BEGIN Supplied records

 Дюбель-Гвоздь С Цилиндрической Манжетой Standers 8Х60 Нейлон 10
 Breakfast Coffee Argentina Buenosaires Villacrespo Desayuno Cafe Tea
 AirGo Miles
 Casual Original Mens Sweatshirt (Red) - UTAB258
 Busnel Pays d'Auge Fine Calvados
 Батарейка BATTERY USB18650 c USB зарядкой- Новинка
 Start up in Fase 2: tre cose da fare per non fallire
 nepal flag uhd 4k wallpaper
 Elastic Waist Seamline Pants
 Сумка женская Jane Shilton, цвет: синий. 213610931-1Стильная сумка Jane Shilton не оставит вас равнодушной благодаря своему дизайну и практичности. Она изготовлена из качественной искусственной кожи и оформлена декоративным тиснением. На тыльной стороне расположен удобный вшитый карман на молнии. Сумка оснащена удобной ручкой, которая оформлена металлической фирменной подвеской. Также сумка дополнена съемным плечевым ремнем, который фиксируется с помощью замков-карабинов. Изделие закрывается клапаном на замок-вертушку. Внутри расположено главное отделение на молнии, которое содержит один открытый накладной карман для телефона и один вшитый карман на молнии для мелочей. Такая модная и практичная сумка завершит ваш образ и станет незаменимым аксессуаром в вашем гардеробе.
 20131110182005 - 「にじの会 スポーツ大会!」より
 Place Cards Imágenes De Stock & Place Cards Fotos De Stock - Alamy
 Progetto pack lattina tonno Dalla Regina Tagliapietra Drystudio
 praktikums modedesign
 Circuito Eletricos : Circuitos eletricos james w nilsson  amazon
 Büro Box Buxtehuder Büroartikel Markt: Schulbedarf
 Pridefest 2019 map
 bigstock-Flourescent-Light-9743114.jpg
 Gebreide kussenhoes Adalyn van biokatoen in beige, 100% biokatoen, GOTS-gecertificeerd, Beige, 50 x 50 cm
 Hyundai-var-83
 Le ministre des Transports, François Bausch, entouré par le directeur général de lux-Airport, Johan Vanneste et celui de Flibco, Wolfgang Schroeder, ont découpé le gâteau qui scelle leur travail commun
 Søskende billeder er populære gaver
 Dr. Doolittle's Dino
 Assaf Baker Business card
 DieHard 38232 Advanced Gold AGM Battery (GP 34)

END Supplied records

Task goal
What are the lines above, starting at the one with "Сумка женская Jane" and ending at the one with "Søskende billeder er populære gaver"? Give them again exactly, and only them.

Response to this exercise
 Сумка женская Jane Shilton, цвет: синий. 213610931-1Стильная сумка Jane Shilton не оставит вас равнодушной благодаря своему дизайну и практичности. Она изготовлена из качественной искусственной кожи и оформлена декоративным тиснением. На тыльной стороне расположен удобный вшитый карман на молнии. Сумка оснащена удобной ручкой, которая оформлена металлической фирменной подвеской. Также сумка дополнена съемным плечевым ремнем, который фиксируется с помощью замков-карабинов. Изделие закрывается клапаном на замок-вертушку. Внутри расположено главное отделение на молнии, которое содержит один открытый накладной карман для телефона и один вшитый карман на молнии для мелочей. Такая модная и практичная сумка завершит ваш образ и станет незаменимым аксессуаром в вашем гардеробе.
 20131110182005 - 「にじの会 スポーツ大会!」より
 Place Cards Imágenes De Stock & Place Cards Fotos De Stock - Alamy
 Progetto pack lattina tonno Dalla Regina Tagliapietra Drystudio
 praktikums modedesign
 Circuito Eletricos : Circuitos eletricos james w nilsson  amazon
 Büro Box Buxtehuder Büroartikel Markt: Schulbedarf
 Pridefest 2019 map
 bigstock-Flourescent-Light-9743114.jpg
 Gebreide kussenhoes Adalyn van biokatoen in beige, 100% biokatoen, GOTS-gecertificeerd, Beige, 50 x 50 cm
 Hyundai-var-83
 Le ministre des Transports, François Bausch, entouré par le directeur général de lux-Airport, Johan Vanneste et celui de Flibco, Wolfgang Schroeder, ont découpé le gâteau qui scelle leur travail commun
 Søskende billeder er populære gaver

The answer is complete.